Florianópolis (SC) recebe entre os dias 20 e 24 de julho o maior evento mundial de jovens empreendedores, a Conferência Mundial de Empresas Juniores – Junior Enterprise World Conference (JEWC), realizado a cada dois anos e que tem como objetivo desenvolver o Movimento Empresa Júnior (MEJ) em escala global. O JEWC 2016 traz à capital catarinense cerca de 4 mil congressistas – 500 deles vindos de 20 países.

O evento teve sua origem no ano de 2004, com a primeira edição realizada em Fortaleza, Ceará. As edições seguintes, aconteceram nas cidades de Eindhoven (Holanda), Porto (Portugal) e Milão (Itália). A sétima edição ocorre no Centro de Eventos Luiz Henrique da Silveira, no Sapiens Parque, sob a execução da Federação das Empresas Juniores de Santa Catarina (FEJESC). Florianópolis foi escolhida para sediar o evento em eleição na qual concorreram diversas cidades do Brasil e do mundo. A capital catarinense, um polo de tecnologia e inovação, é hoje apontada como a segunda melhor cidade no país para empreender, segundo pesquisa da Endeavor.

Com a temática “Lead the co-era” (liderança na era da cocriação e colaboração), a Conferência apresentará palestras de personalidades como Ketan Makwana, empreendedor e conselheiro no MIT Global Start Up, Entreprenurial Africa, Entreprise Connect e Rockstar Mentoring Group; Monja Coen, ex-jornalista que deu uma guinada em sua vida e se tornou um referência em equilíbrio emocional e Marcelo Sales, criador da Movile, líder no mercado latino americano de software para celulares, e da aceleradora 21212.

Um outro destaque do encontro será a sala da Endeavor, que espera 1,8 mil pessoas para debater empreendedorismo. A programação ocorre na quinta-feira, das 13h às 15h, e após a abertura com Juliano Seabra, diretor-geral da organização no país, contará com pitches dos empreendedores Darino Tenório (Uatt), Alessio Alionço (Pipefy) e Eduardo Ferreira Lima (Avantia). O encerramento será com o painel “Sonho Grande: Qual é o seu?”.

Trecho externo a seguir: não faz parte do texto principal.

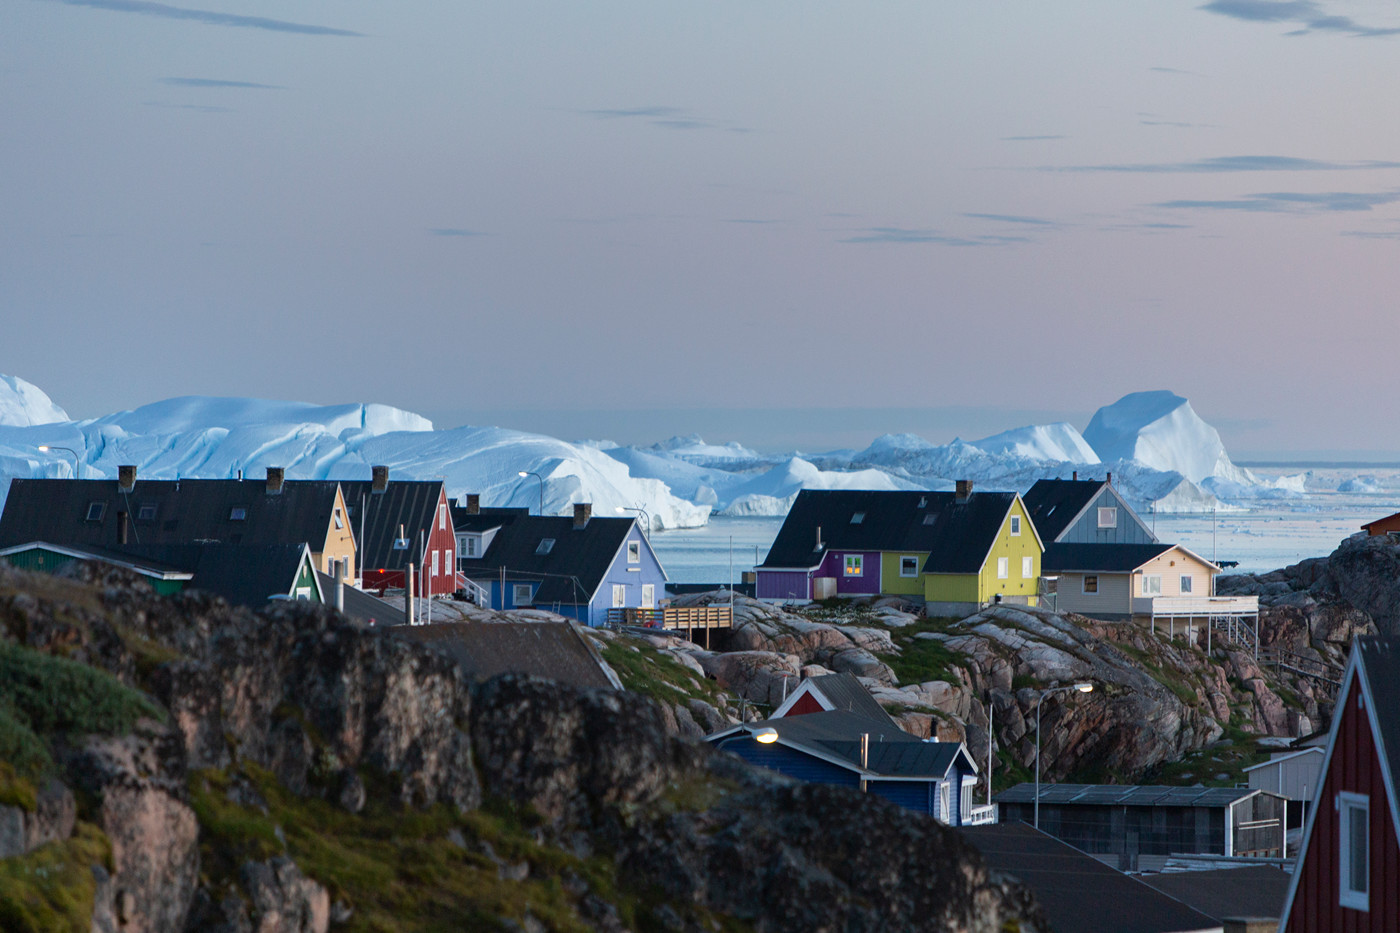 Farverige huse i Grønland med isfjorden i baggrunden.

O Movimento Empresa Júnior teve início na França, em 1967, com o objetivo de tornar prática a vivência acadêmica obtida nas salas de aula. A partir de seu desenvolvimento, percebeu-se que, mais do que dar a oportunidade de transformar a teoria em prática, o Movimento promove, por meio da vivência empresarial, a formação de empreendedores. No Brasil, a rede de Empresas Juniores conta com 300 iniciativas em 18 estados – 35% são EJs ligadas às engenharias, 17% às ciências sociais aplicadas e 14% às ciências humanas. Por ano, 11 mil empresários juniores são formados no país.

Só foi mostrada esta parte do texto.